*Task details*
Print the lines in the listing below starting at the line with "Získané informace poslouží" and ending at the line with "BBBLondon Gift Card", both included. Reproduce them exactly and omit every picture.

*Source material*
--------------------------------

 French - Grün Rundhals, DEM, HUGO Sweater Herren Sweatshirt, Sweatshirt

--------------------------------

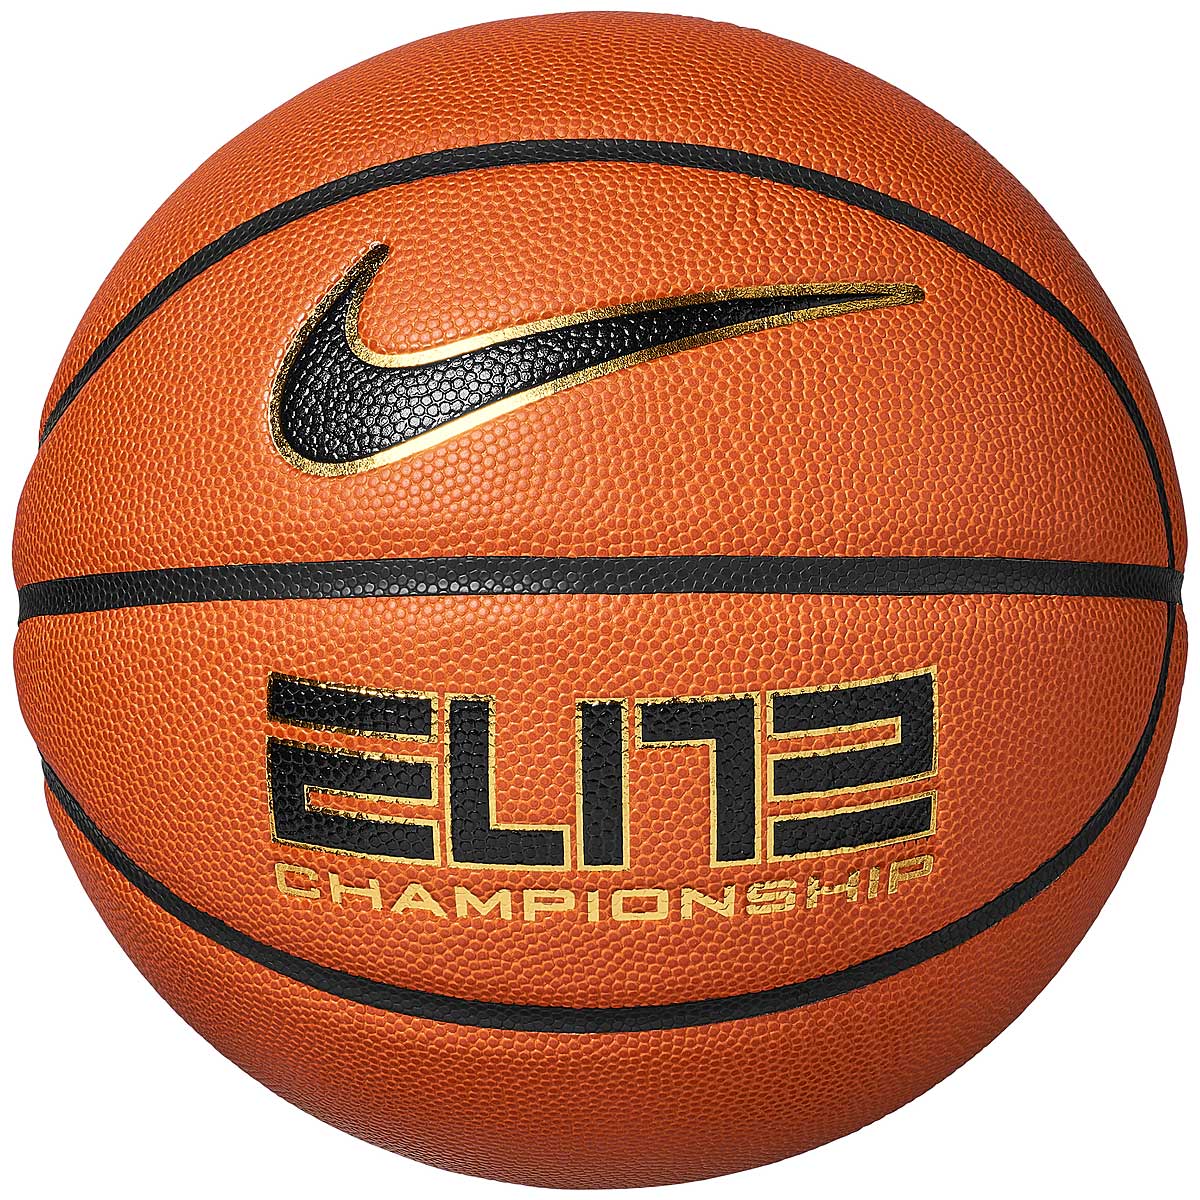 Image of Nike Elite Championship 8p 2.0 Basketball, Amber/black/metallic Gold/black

--------------------------------

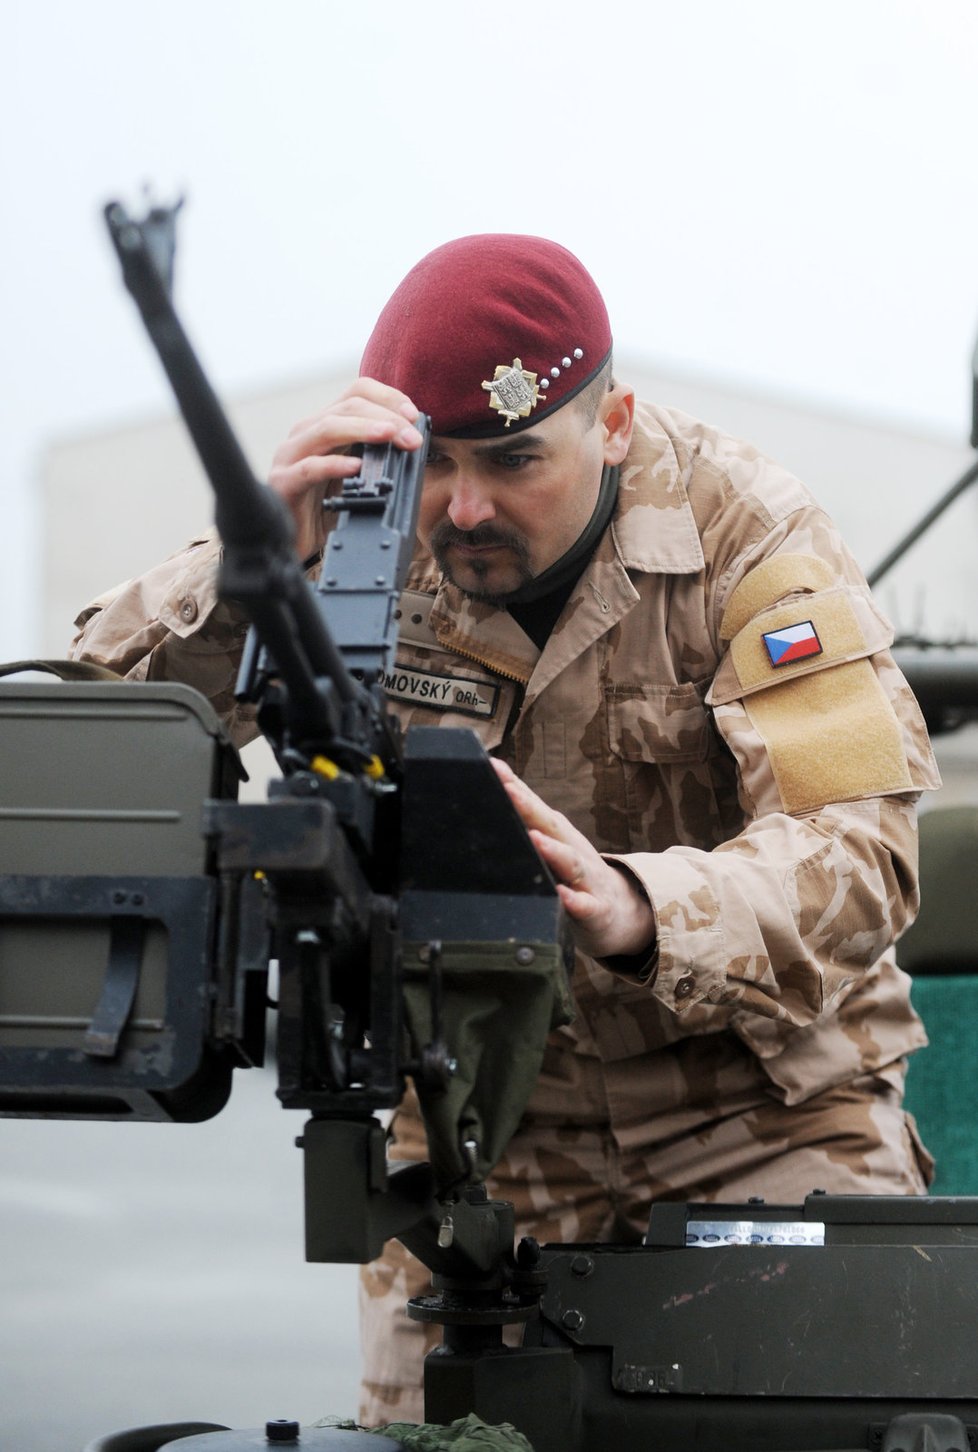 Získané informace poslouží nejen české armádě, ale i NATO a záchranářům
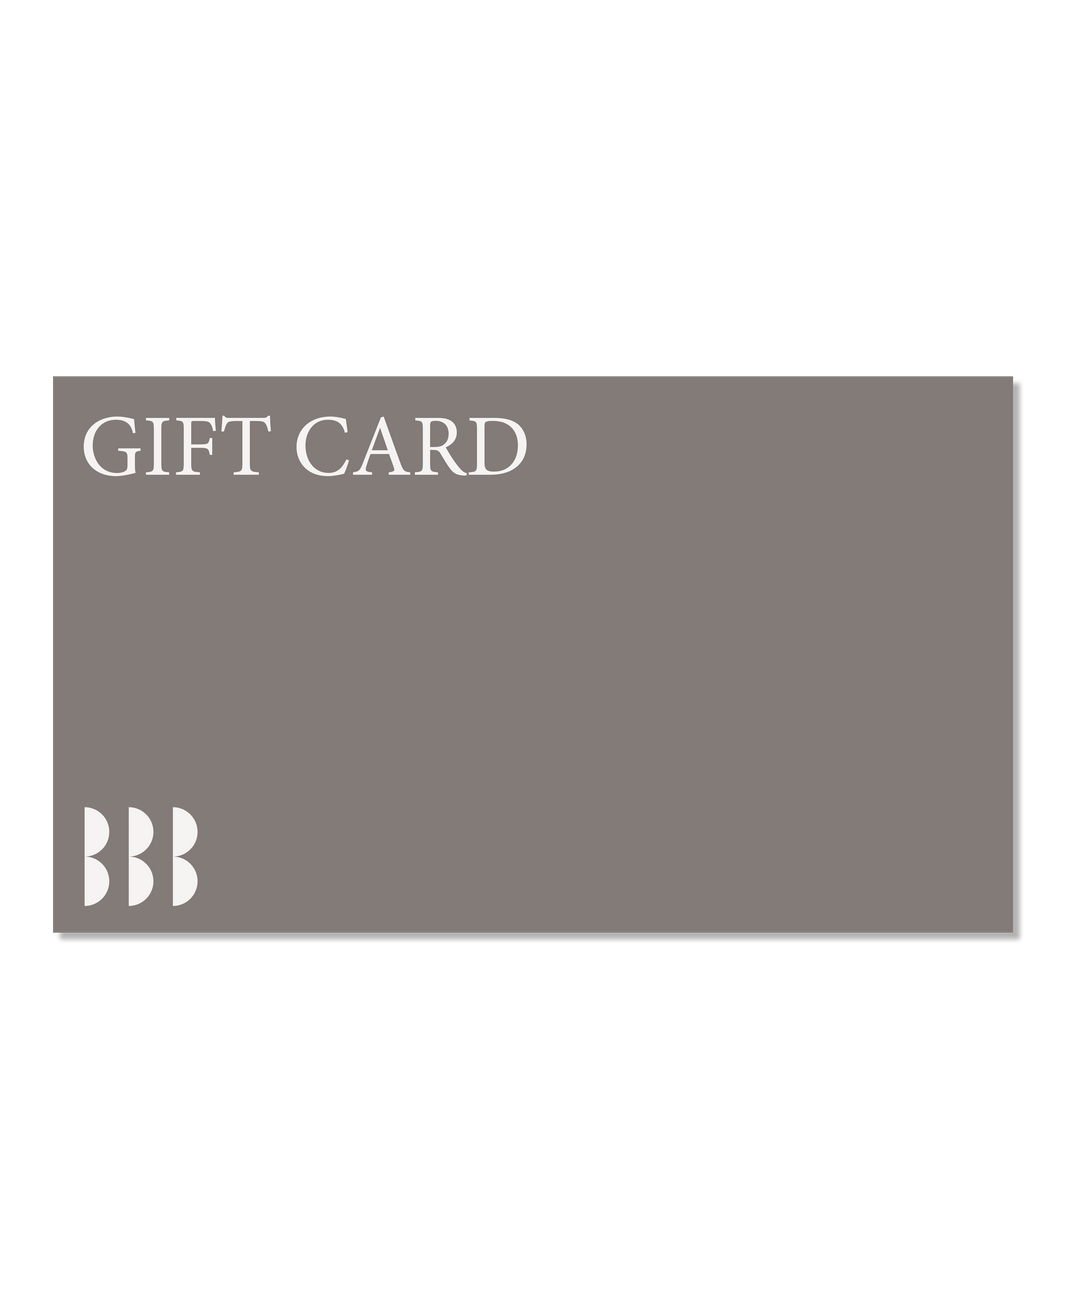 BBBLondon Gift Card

--------------------------------

*Solution to the problem*
 Získané informace poslouží nejen české armádě, ale i NATO a záchranářům
 BBBLondon Gift Card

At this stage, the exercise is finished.